地方も揺るがす旧統一教会

安倍晋三元首相を殺害した山上徹也容疑者の動機が、「旧統一教会」への恨みだったということが明らかになって以降、同教団と政治との関係が大きな問題となっている。

そうした中、発見したのが大阪市阿倍野区の住宅街にそびえる旧統一教会、現在は世界平和統一家庭連合の大阪教会だ。

不動産登記簿を閲覧すると「公立学校用地」とあり、大阪市所有の土地と建物であったことがわかる。地下鉄の駅から数分という絶好の立地の不動産がなぜ旧統一教会に渡ったのか――?調べてみると、地方自治体や地方議員にも旧統一教会の「闇」が広がっていることが分かった。

■大阪市の施設を旧統一教会が買収

建物の登記簿を確認したところ、土地は956㎡、建物はドーム型で地下1階、地上6階建て、床面積は約3,300㎡で、旧統一教会の手に渡る前は「阪南パラドーム」という大阪市教職員のための施設だった。
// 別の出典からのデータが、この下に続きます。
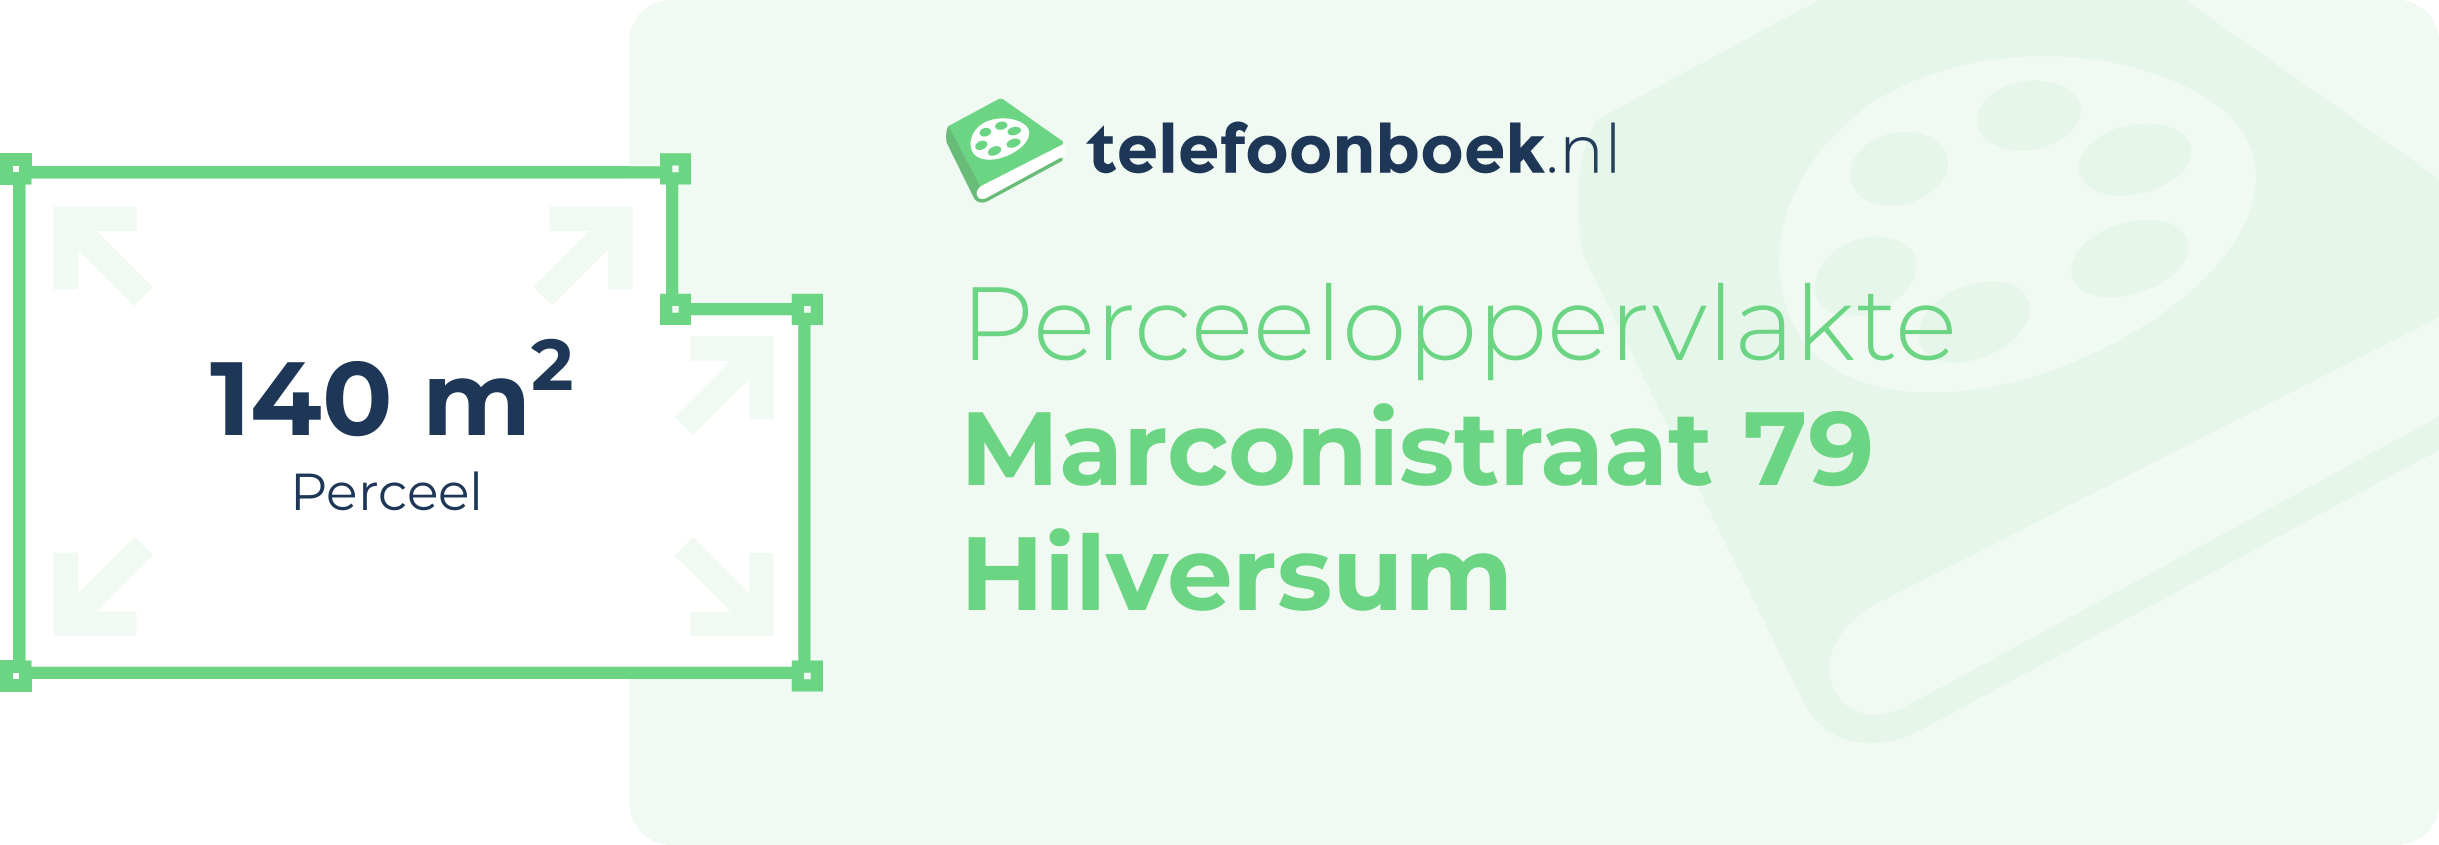 Perceeloppervlakte Marconistraat 79 Hilversum

財政状況が苦しくなった大阪市は、未利用の施設を売却する方針を決め、随時、一般競争入札で処分を進めていた。その結果、2008年に「優美」という会社に売却されることになったことが、大阪市議会の議事録に記されていた。

なぜ、大阪市議会で問題になったのかというと、《阪南パラドームの土地が建物つきで一般競争入札に付されて、株式会社優美という会社が落札をして売却先となったわけですが、この会社が現在、建物を統一教会に貸していることが判明し、近隣の住民の方が大変不安に感じ、統一教会を退去させるよう大阪市に指導を求めている》という事実が明らかになったからだ。

ある周辺住民は、こう振り返る。
「最初は優美の看板が出ていたが、会社だとは思えず変だなと思ったら旧統一教会の霊感商法の商品を卸している会社だとわかった。これは大変だと思っていたら、信者が集まるようになり、優美が会社登記の目的に不動産を追加して旧統一教会側に賃貸するようになった」

当時、「統一教会反対」「出ていけ」などと看板を掲げる住民もいたそうだが、大阪市は「問題はない」として取り合わなかった。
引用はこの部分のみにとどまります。